An estimated 7 million children and 15.5 million adults in the United States have ADHD, bringing the total to roughly 22 to 23 million people. Those numbers come from the two most recent national surveys: a 2022 parent-reported survey for children and a 2023 self-report survey for adults. Both figures represent significant increases from estimates just a decade ago.
Children With ADHD
About 11.4% of U.S. children ages 3 to 17 have received an ADHD diagnosis at some point, based on 2022 CDC data. That translates to roughly 7 million kids. The rate is notably higher among older children: 17% of white children ages 12 to 17 have been diagnosed, compared with about 10% of children ages 5 to 11 in the same group. This pattern holds across racial groups, likely reflecting the fact that ADHD symptoms often become more disruptive (and more noticed) once schoolwork and social demands increase.
Diagnosis rates also vary by race and ethnicity. Among children ages 5 to 17, white non-Hispanic children have the highest reported rate at 13.4%, followed by Black non-Hispanic children at 10.8% and Hispanic children at 8.9%. These gaps likely reflect differences in access to evaluation and cultural attitudes toward diagnosis rather than true differences in how often ADHD occurs.
Adults With ADHD
For a long time, ADHD was treated primarily as a childhood condition. That view has shifted dramatically. A 2023 CDC survey found that 15.5 million U.S. adults (6.0%) currently have an ADHD diagnosis. An earlier national study put the lifetime prevalence for adults 18 to 44 at 8.1%, meaning a meaningful share of people who met criteria at some point may no longer carry a current diagnosis or may never have been formally evaluated.
Men are diagnosed more often than women, with rates of about 5.4% versus 3.2% in adults. That gap has been narrowing over time as clinicians have gotten better at recognizing how ADHD presents in women, where symptoms tend to lean more toward inattention than hyperactivity.

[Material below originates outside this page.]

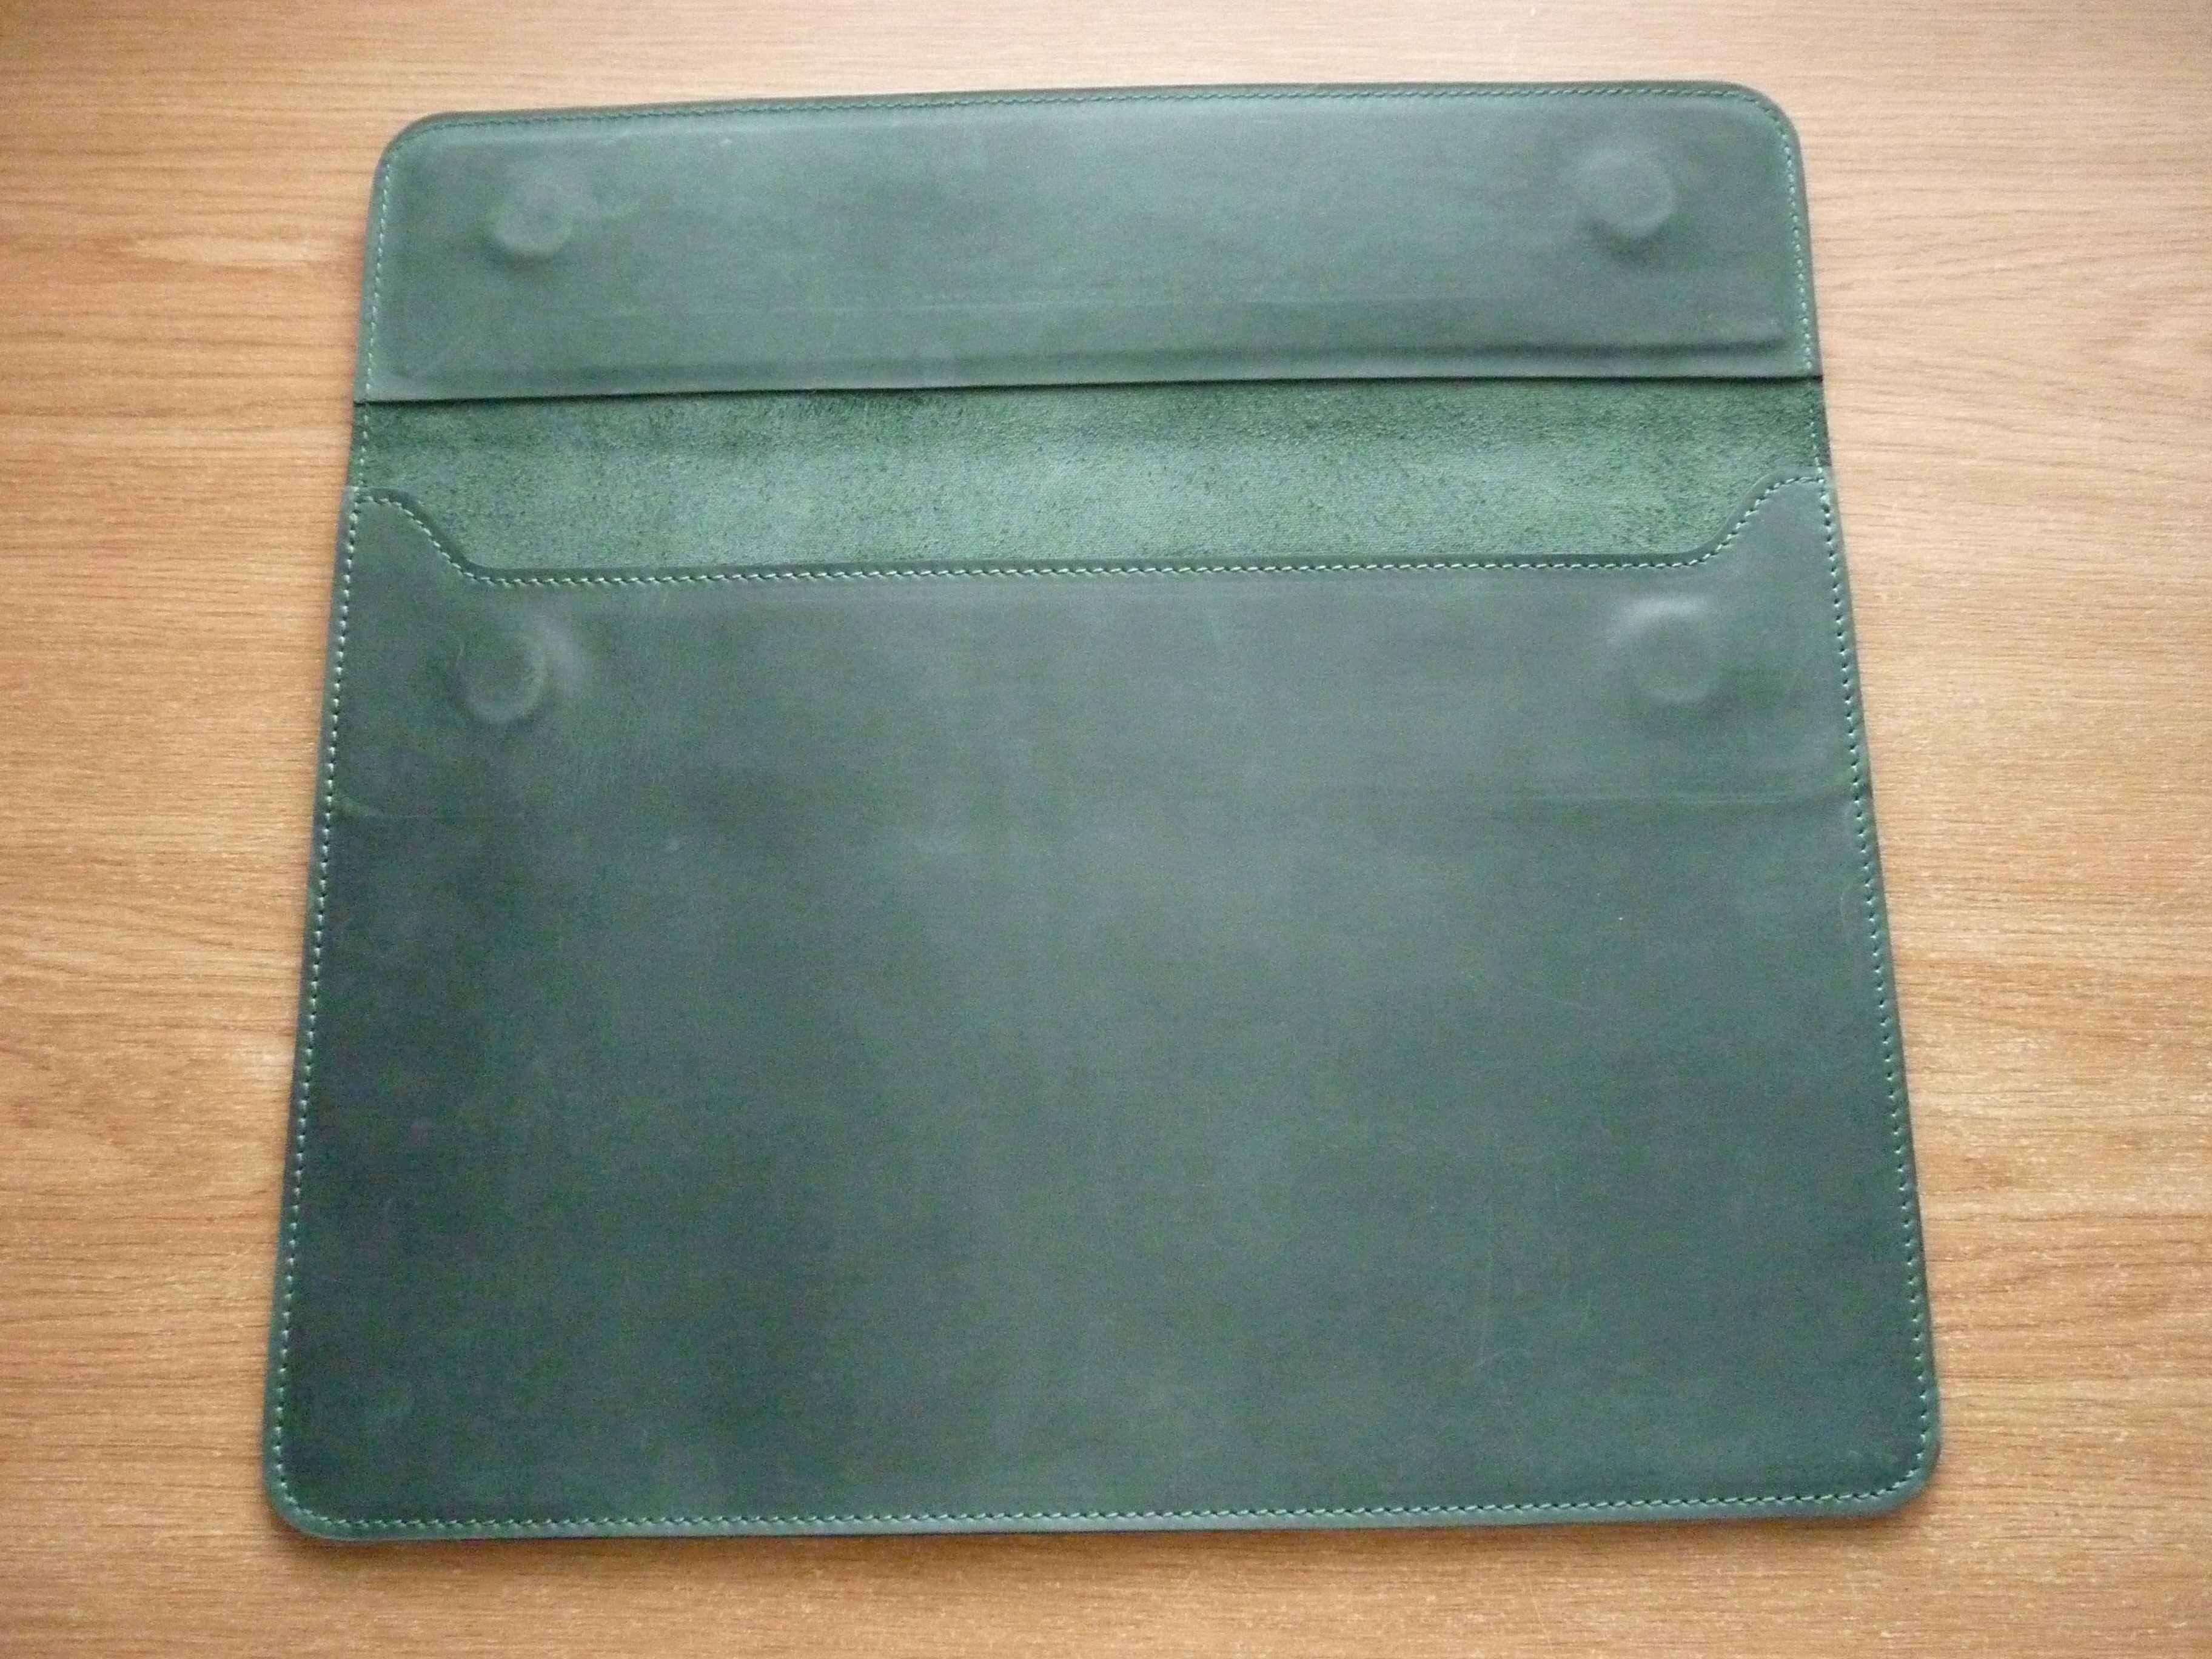 Зеленый чехол из кожи на MACBооK AIR/PRO 13'', конверт

Diagnosis Rates Have Roughly Doubled Since the Late 1990s
The upward trend is striking. In 1997, when the CDC first started tracking parent-reported ADHD diagnoses in children, the rate was 5.5%. By 2008 it had climbed to 8.1%. By 2018 it reached 9.8%. The most recent figure of 11.4% in 2022 continues that trajectory. Whether the increase reflects better screening, broader diagnostic criteria, greater public awareness, or a genuine rise in the condition is still debated, but most experts point to a combination of all four.
The adult numbers tell a similar story. The jump from 4.4% in earlier national estimates to 6.0% in 2023 represents millions of additional diagnoses. The COVID-19 pandemic appears to have accelerated this: remote work stripped away the external structures many adults relied on to manage undiagnosed ADHD, and the resulting struggles pushed a wave of people toward evaluation for the first time.
Wide Variation Across States
Where you live in the U.S. significantly affects how likely a child is to receive an ADHD diagnosis. Louisiana and Mississippi have the highest rates, with 15.2% of children carrying a current diagnosis. South Carolina follows at 14.6%. At the other end, California sits at just 5.6%, Hawaii at 6.1%, and Nevada at 7.0%. That’s nearly a threefold difference between the highest and lowest states.
These gaps don’t mean ADHD is three times more common in the South. They reflect regional differences in screening practices, insurance coverage, school-based referral systems, and cultural norms around behavioral health. States with higher diagnosis rates also tend to have higher treatment rates, suggesting more established pipelines from concern to evaluation.
Treatment Patterns
Among adults who visit health centers for ADHD, about 55% have a prescription for ADHD medication on file. Stimulant medications are far more common than non-stimulants: roughly 42% of adult ADHD-related visits involve an amphetamine-based prescription, while about 9% involve methylphenidate-based options. Non-stimulant medications are used at much lower rates, appearing in about 6% of visits.
That means close to half of adults seen at health centers for ADHD are managing the condition without medication, relying on behavioral strategies, therapy, coaching, or simply going untreated. The actual share of all adults with ADHD who take medication is likely lower, since many people with a diagnosis never seek regular care for it.
The Economic Toll
ADHD carries a substantial financial burden. One widely cited estimate from Tufts Medical Center put the total annual cost at $143 billion to $266 billion in the U.S. Most of that, between $105 billion and $194 billion, comes from adults, primarily through lost productivity and reduced income. For children, the biggest costs fall on healthcare ($21 billion to $44 billion) and education ($15 billion to $25 billion). Family members absorb an additional $33 billion to $43 billion in spillover costs, including lost work time, stress-related health problems, and caregiving demands. Those figures are from 2010 dollars and would be considerably higher adjusted for inflation today.